With the `create_portal_message` defined, the next step is to apply it to the patient histories we've summarized. This is achieved through a SQL query that invokes the UDF for each patient summary, generating a simulated message that the patient might send to their healthcare provider. The query illustrates how Memex can be used to automate the generation of realistic, context-specific communications, further enhancing its utility in healthcare data analysis and patient engagement strategies.


In [None]:
portal_query = """
WITH patients AS (
    SELECT id, pt_hist_summary
    FROM patient_histories_summarized
)
SELECT id, create_portal_message(pt_hist_summary) as portal_communication 
FROM patients LIMIT 10
"""

mx.save_as_table(
    "portal_communications",
    portal_query,
    model="gpt-4-1106-preview",
    temperature=0.2,
    max_tokens=1000,
    overwrite=True,
)

The result of this query, saved as the portal_communications table, contains the generated messages from patients to their healthcare providers.

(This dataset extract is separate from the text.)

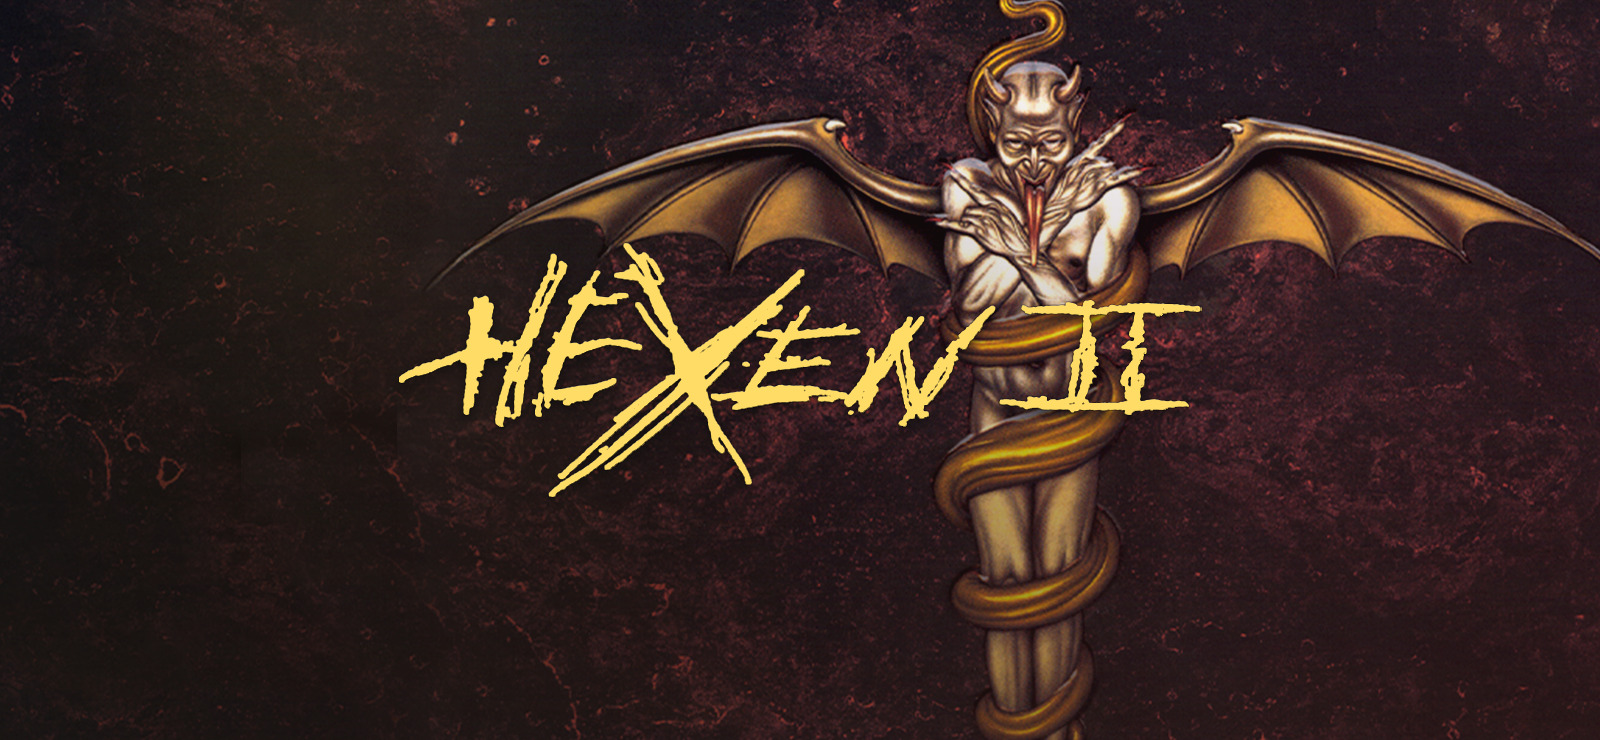 Hexen 2 mission pack portal of praevus фото 9
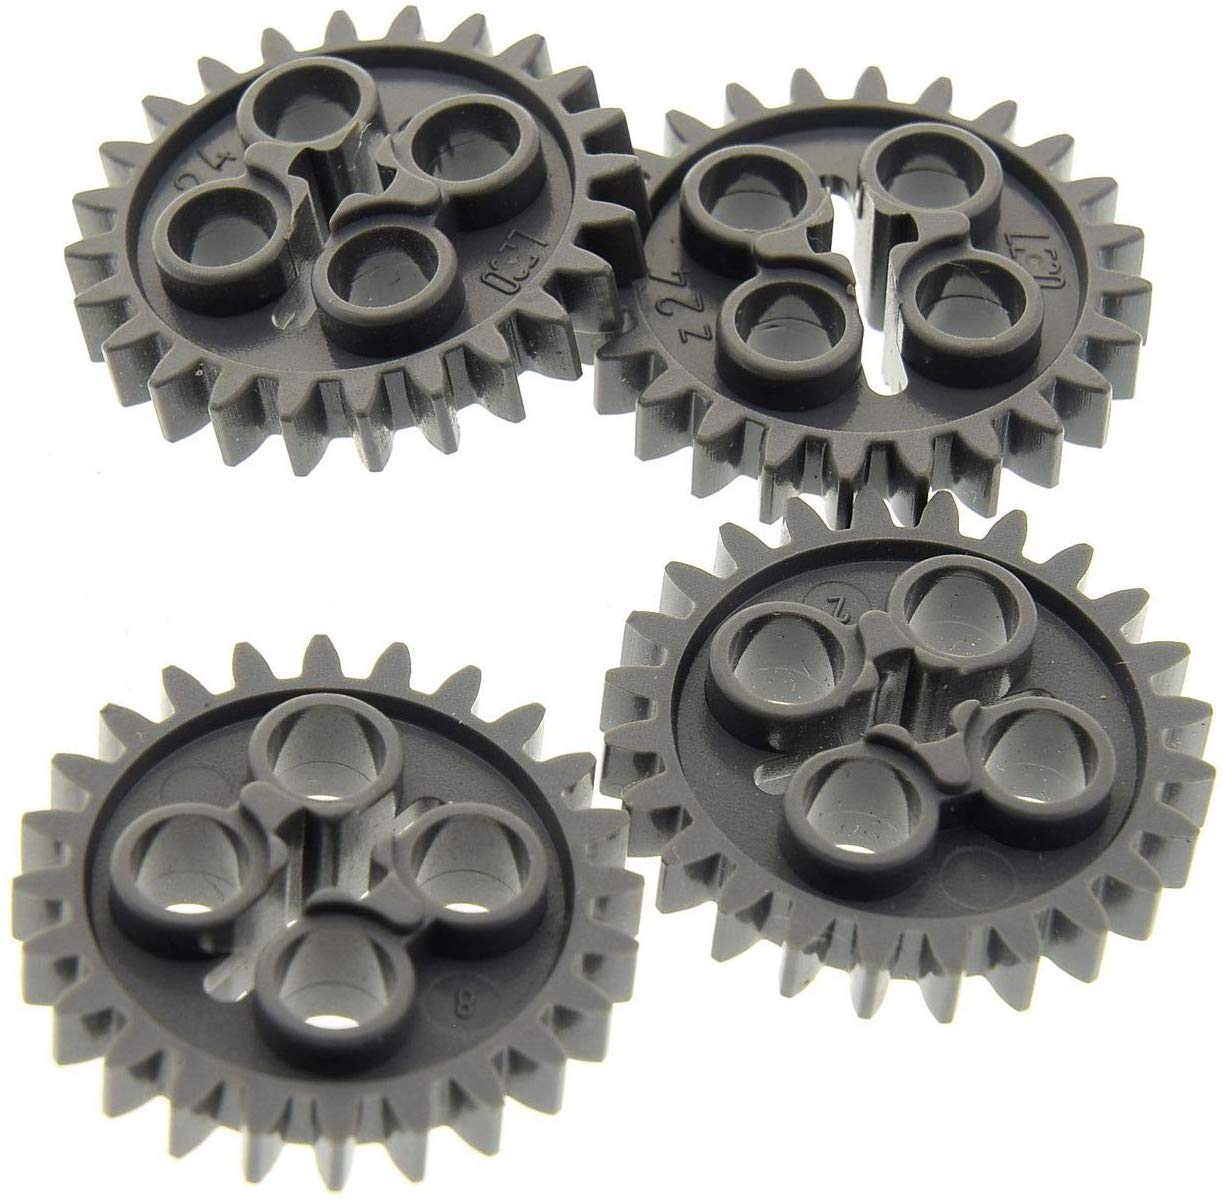 4 x Lego Technic Gear Wheel Dark Grey Z24 Gears Teeth Wheel Technique 24505

This showcases the final step in our journey of synthesizing patient communications using Memex, from data preprocessing, through analysis and summary generation, to the final personalized patient-provider messages.


### Conclusion

This tutorial has walked you through a comprehensive example of utilizing Memex for synthesizing patient communications. Starting from the preparation of a synthetic patient dataset, through querying and transforming this data, to finally generating and personalizing patient-provider communications, we've demonstrated how Memex supports complex data processing tasks. The integration of User-Defined Functions (UDFs) with SQL, coupled with the power of language models, positions Memex as a versatile tool for healthcare data analysis, capable of generating insights and communications that can enhance patient engagement and provider responsiveness.